[Brief] Some entries follow. Reproduce exactly the lines starting at the one with "Rod, Rods Wallpaper" and stopping after the one with "Evolutionary Signals of".
Provided records Start Marker
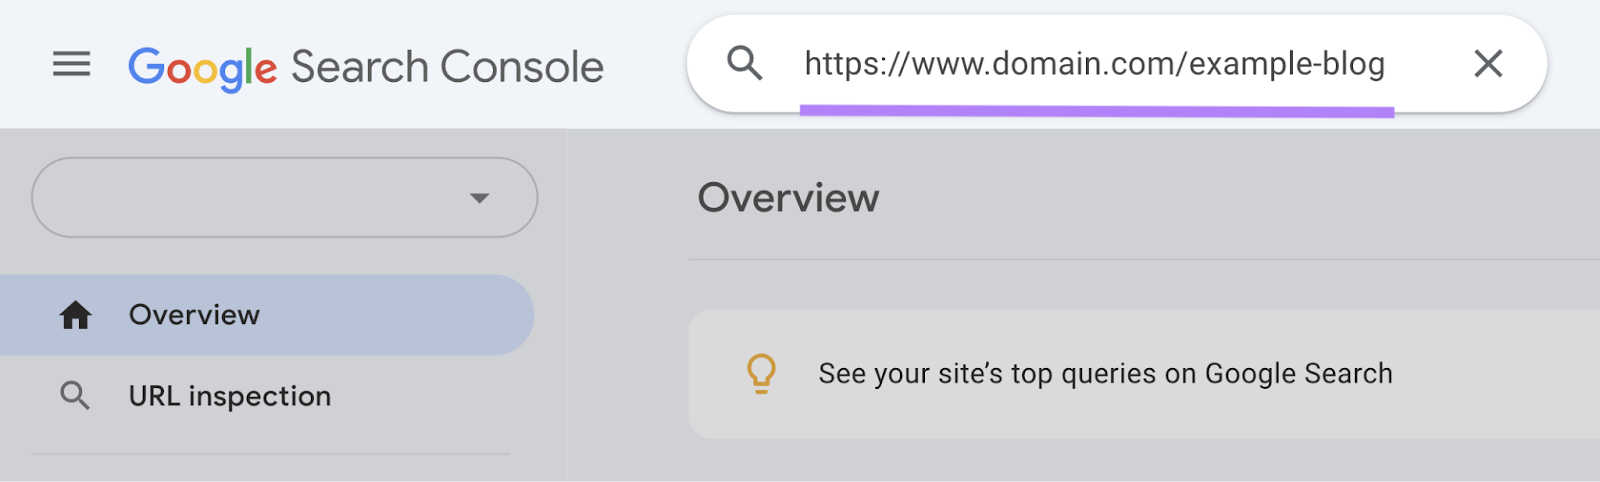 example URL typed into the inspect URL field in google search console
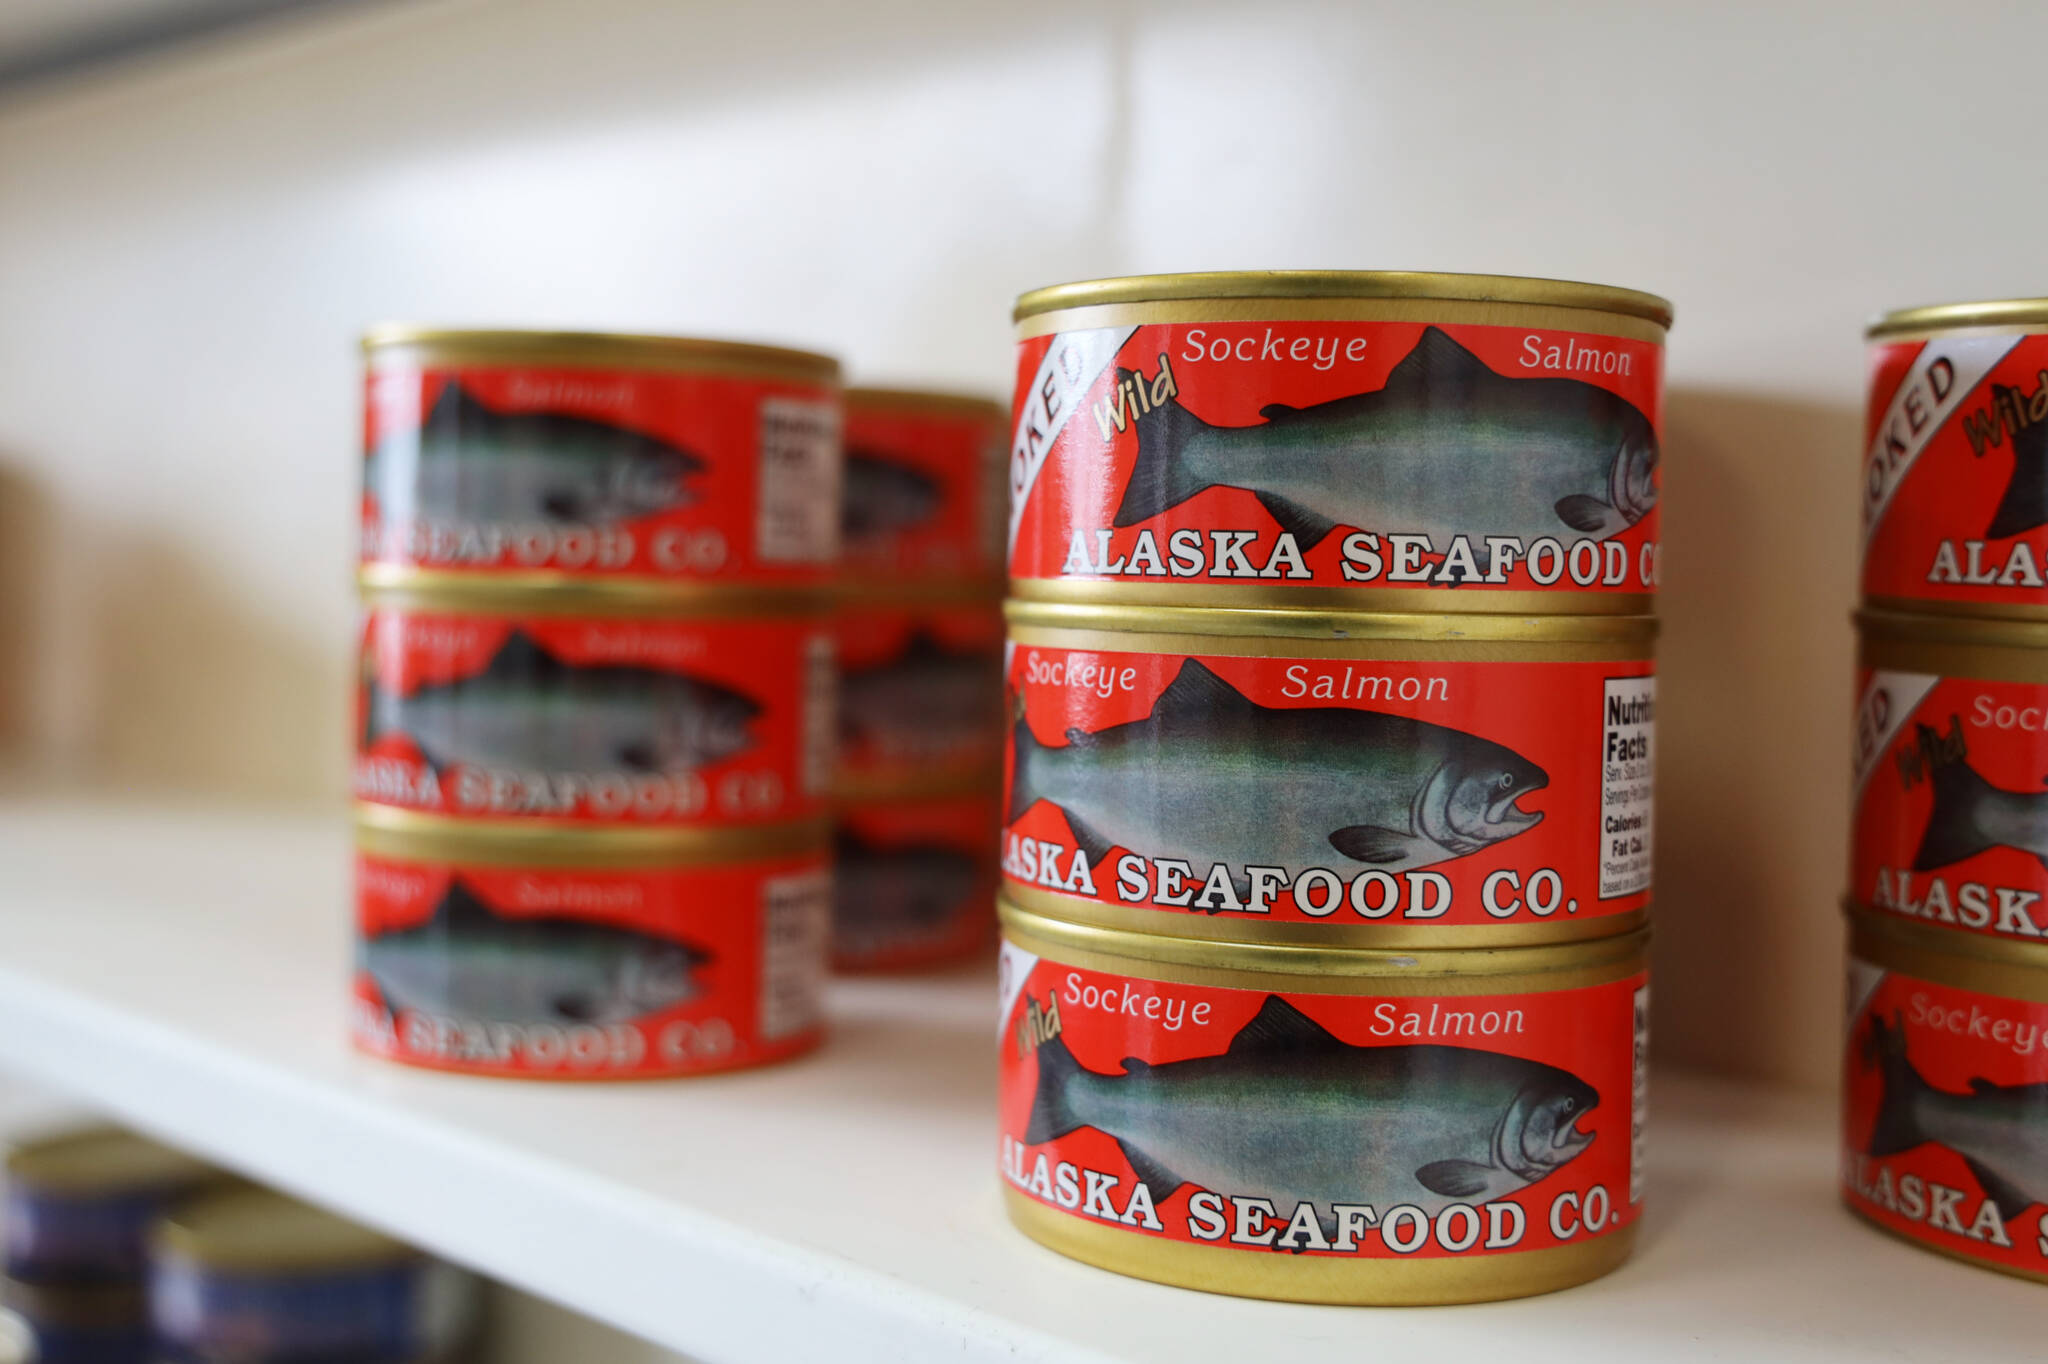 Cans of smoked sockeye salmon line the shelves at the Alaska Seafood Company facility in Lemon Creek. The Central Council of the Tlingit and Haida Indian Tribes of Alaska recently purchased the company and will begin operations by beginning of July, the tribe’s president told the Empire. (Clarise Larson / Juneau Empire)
Provided records End Marker
Provided records Start Marker
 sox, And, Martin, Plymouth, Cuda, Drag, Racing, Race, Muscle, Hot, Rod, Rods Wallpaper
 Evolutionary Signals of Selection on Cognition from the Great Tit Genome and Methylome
Provided records End Marker
Provided records Start Marker
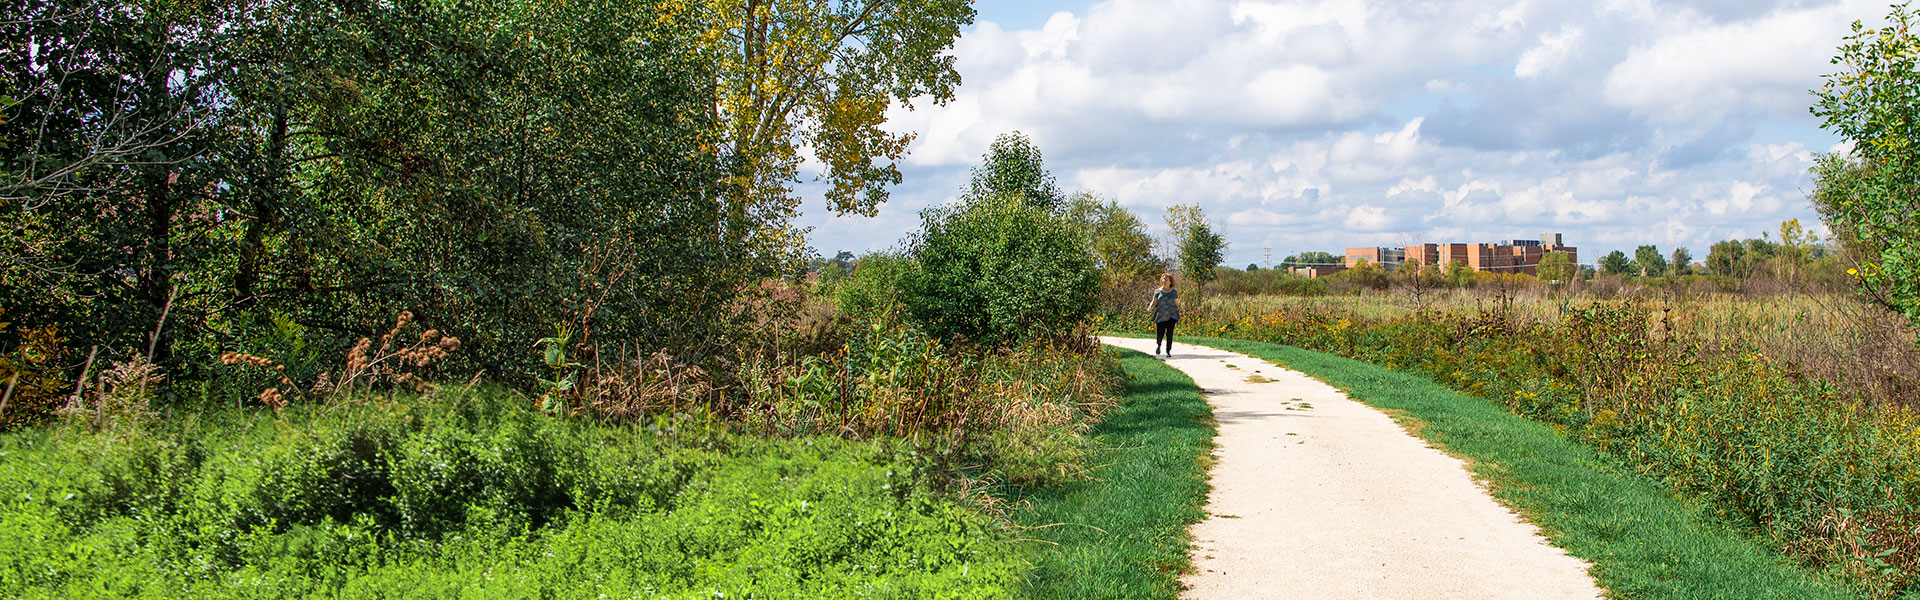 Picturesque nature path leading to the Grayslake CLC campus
Provided records End Marker
[Finished exercise]
 sox, And, Martin, Plymouth, Cuda, Drag, Racing, Race, Muscle, Hot, Rod, Rods Wallpaper
 Evolutionary Signals of Selection on Cognition from the Great Tit Genome and Methylome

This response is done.